* _TO DO_: Retype the whole listing exactly. Leave out pictures.

* _SUPPLIED MATERIAL_:
Content starts
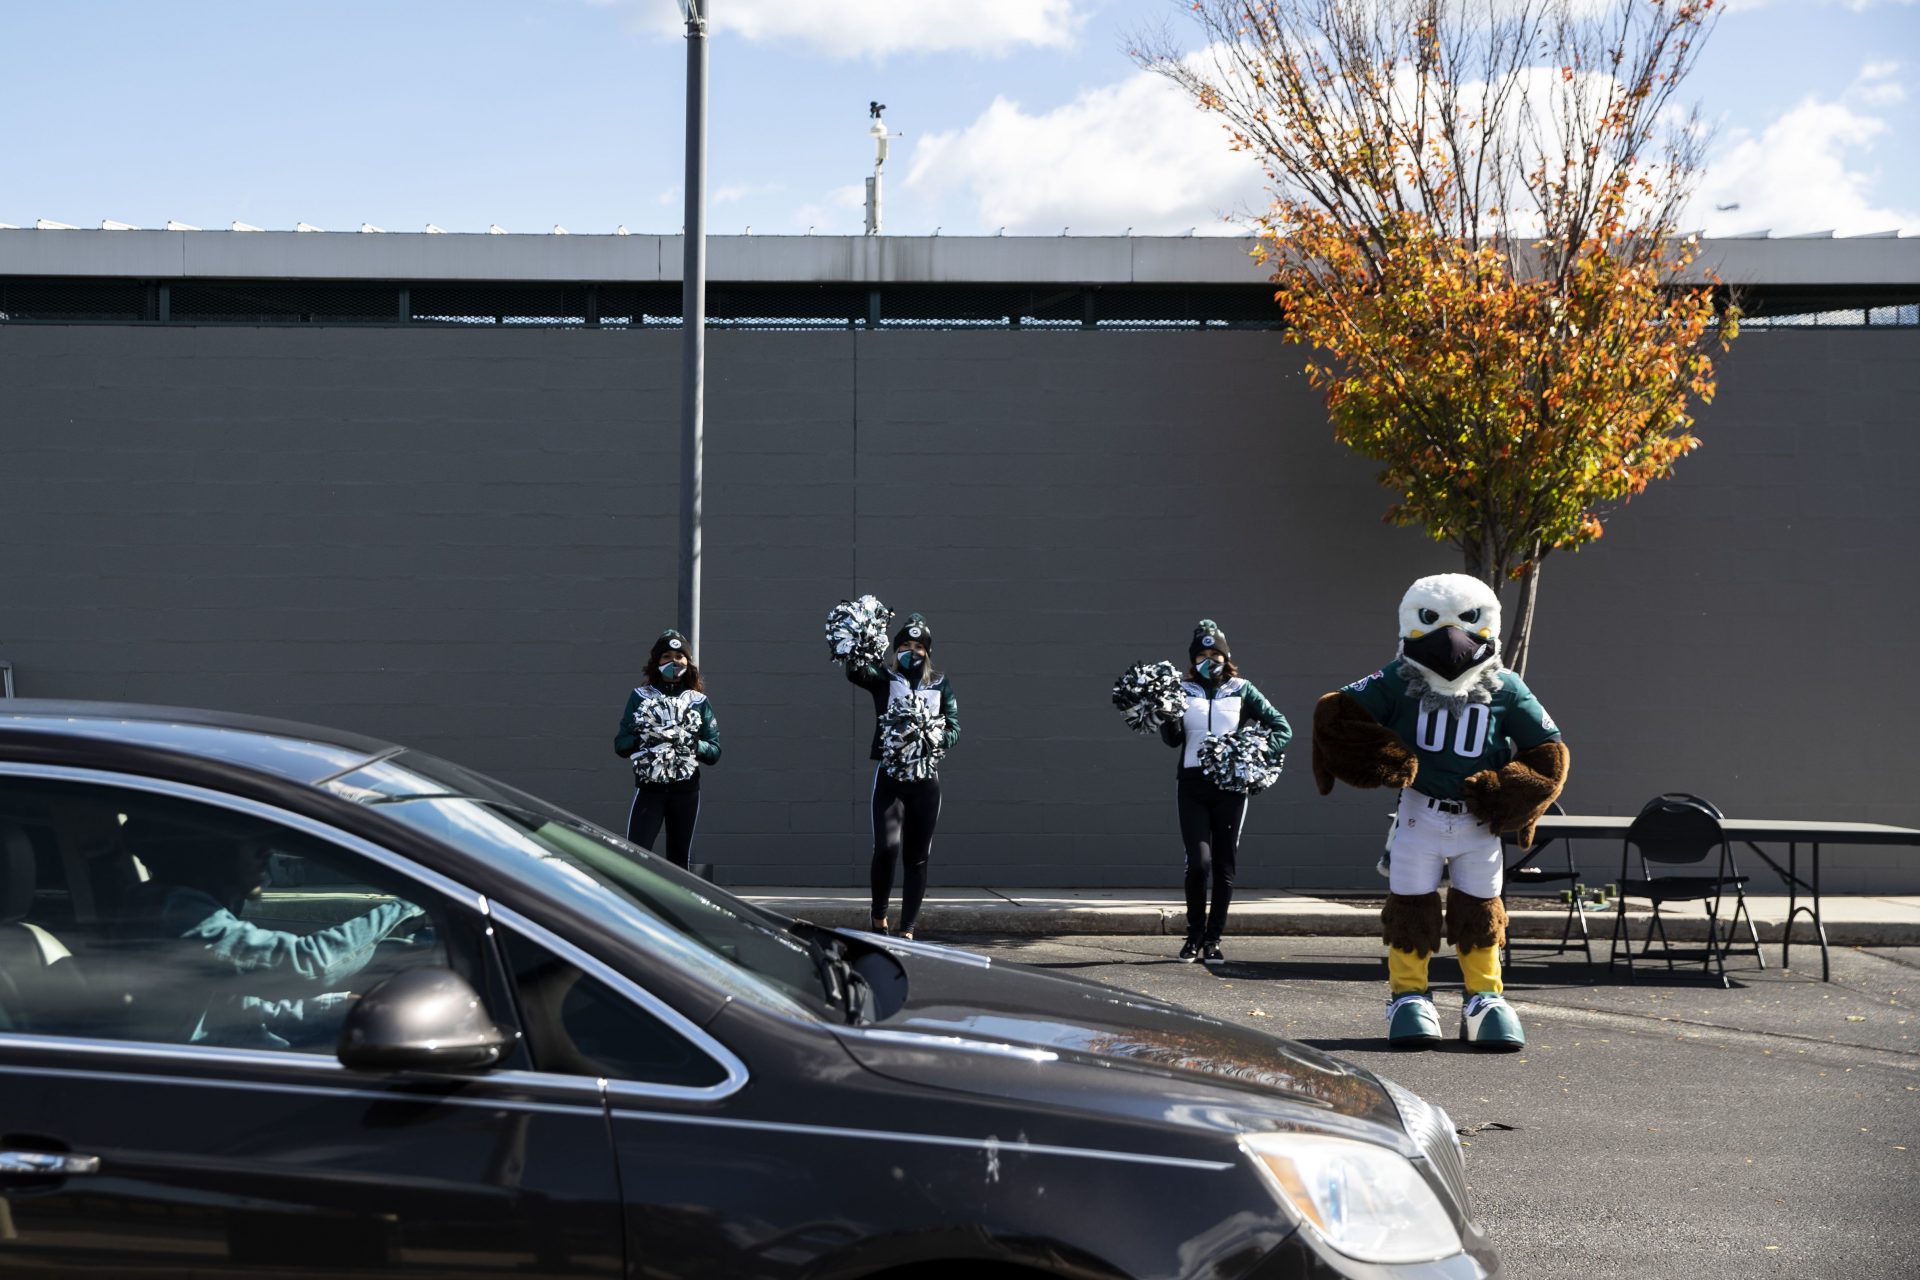 The Eagles mascot, Swoop, and team cheerleaders greeted voters dropping off their mail ballots at a satellite election office site at Lincoln Financial Field in Philadelphia on Nov. 2, 2020.
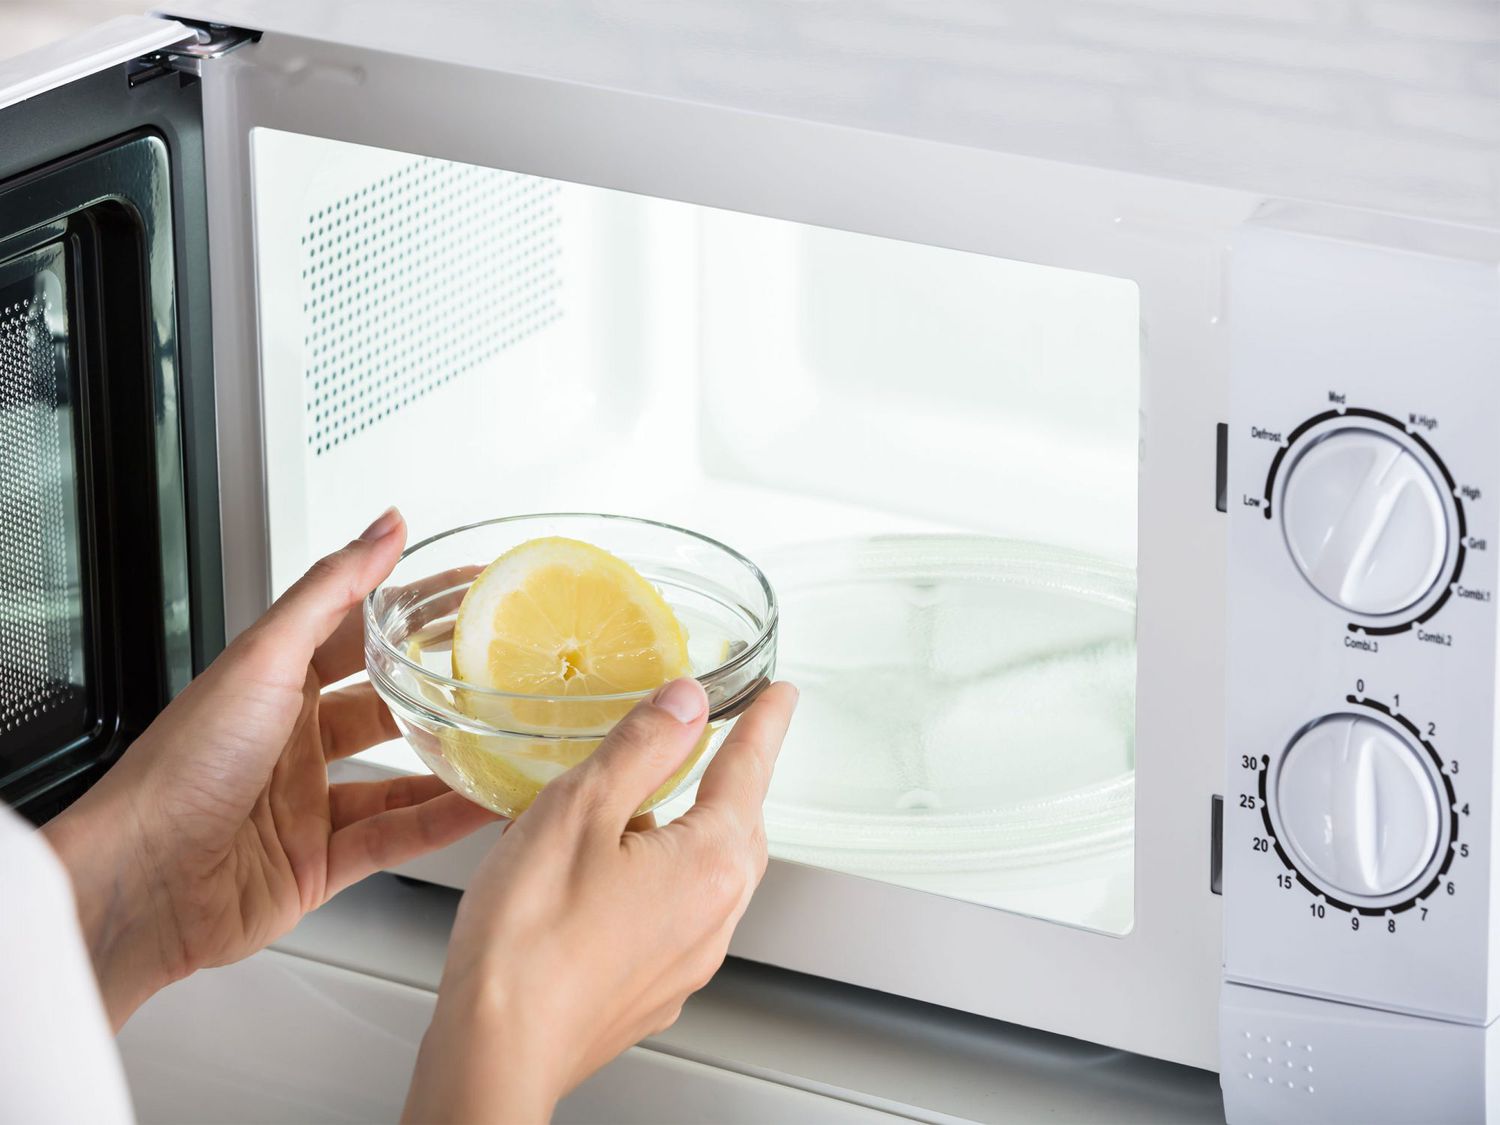 How to clean a microwave with a lemon guide
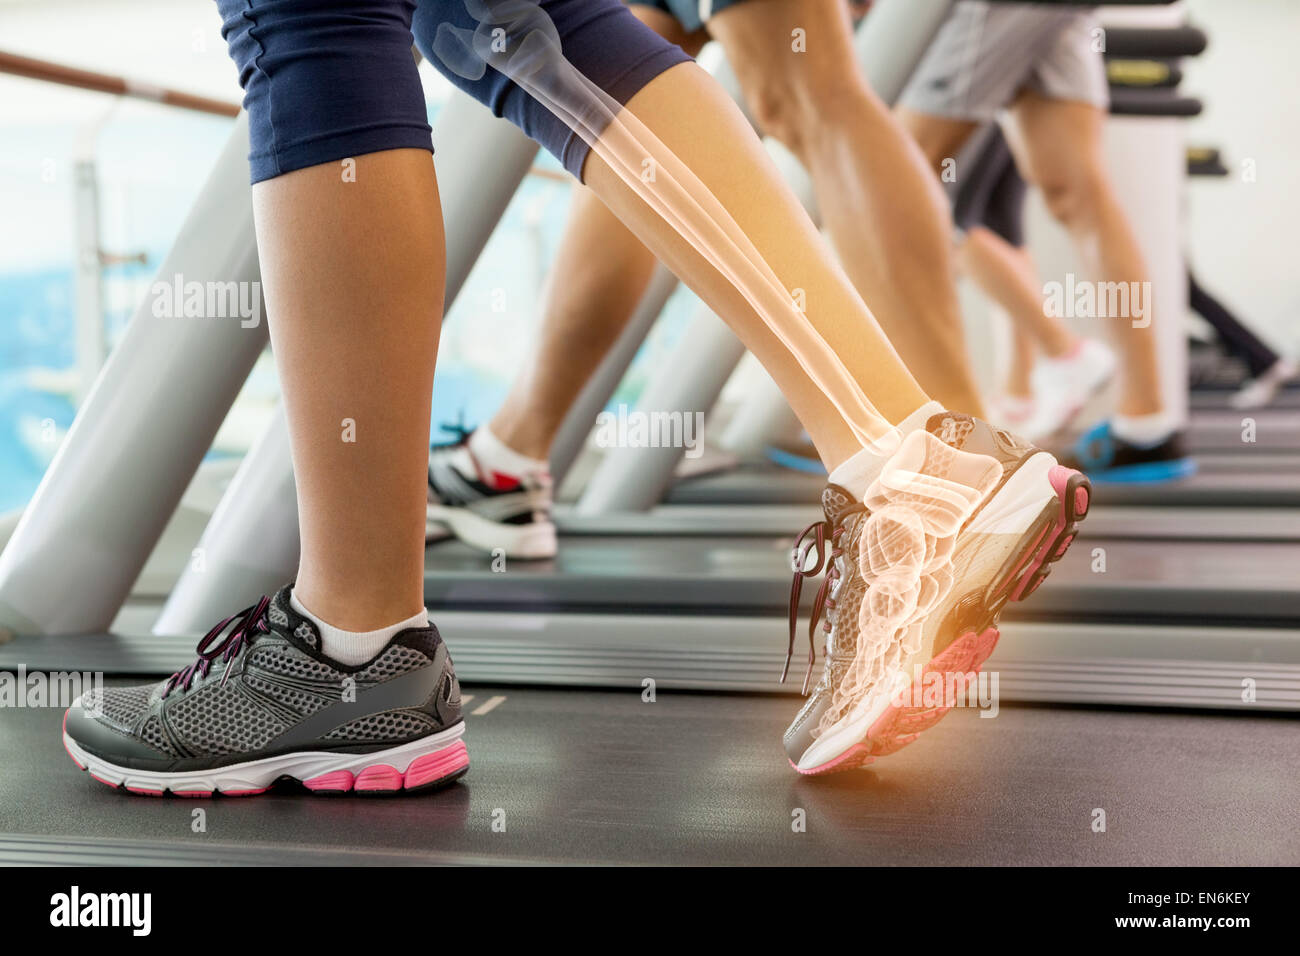 Highlighted ankle of woman on treadmill Stock Photo
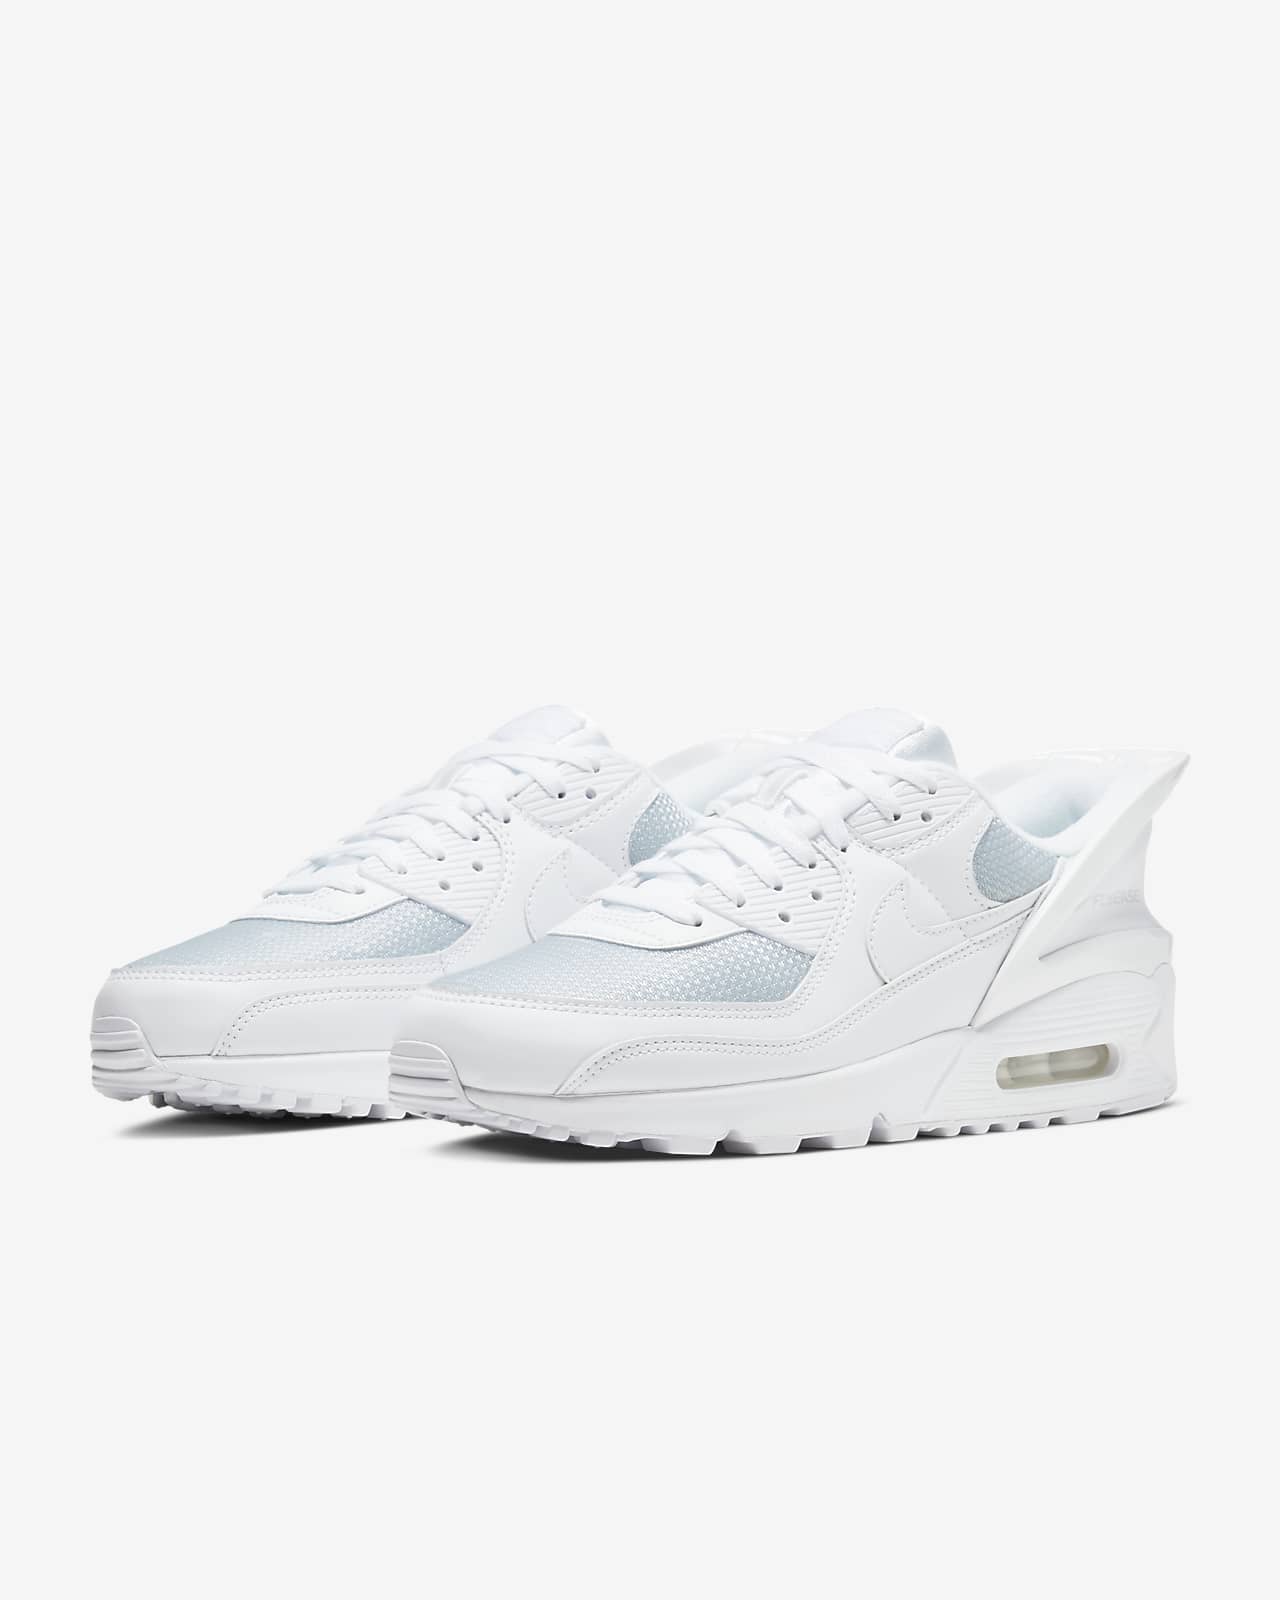 nike air max fly price
Content ends
* _ANSWER TO THE PROBLEM_:
 The Eagles mascot, Swoop, and team cheerleaders greeted voters dropping off their mail ballots at a satellite election office site at Lincoln Financial Field in Philadelphia on Nov. 2, 2020.
 How to clean a microwave with a lemon guide
 Highlighted ankle of woman on treadmill Stock Photo
 nike air max fly price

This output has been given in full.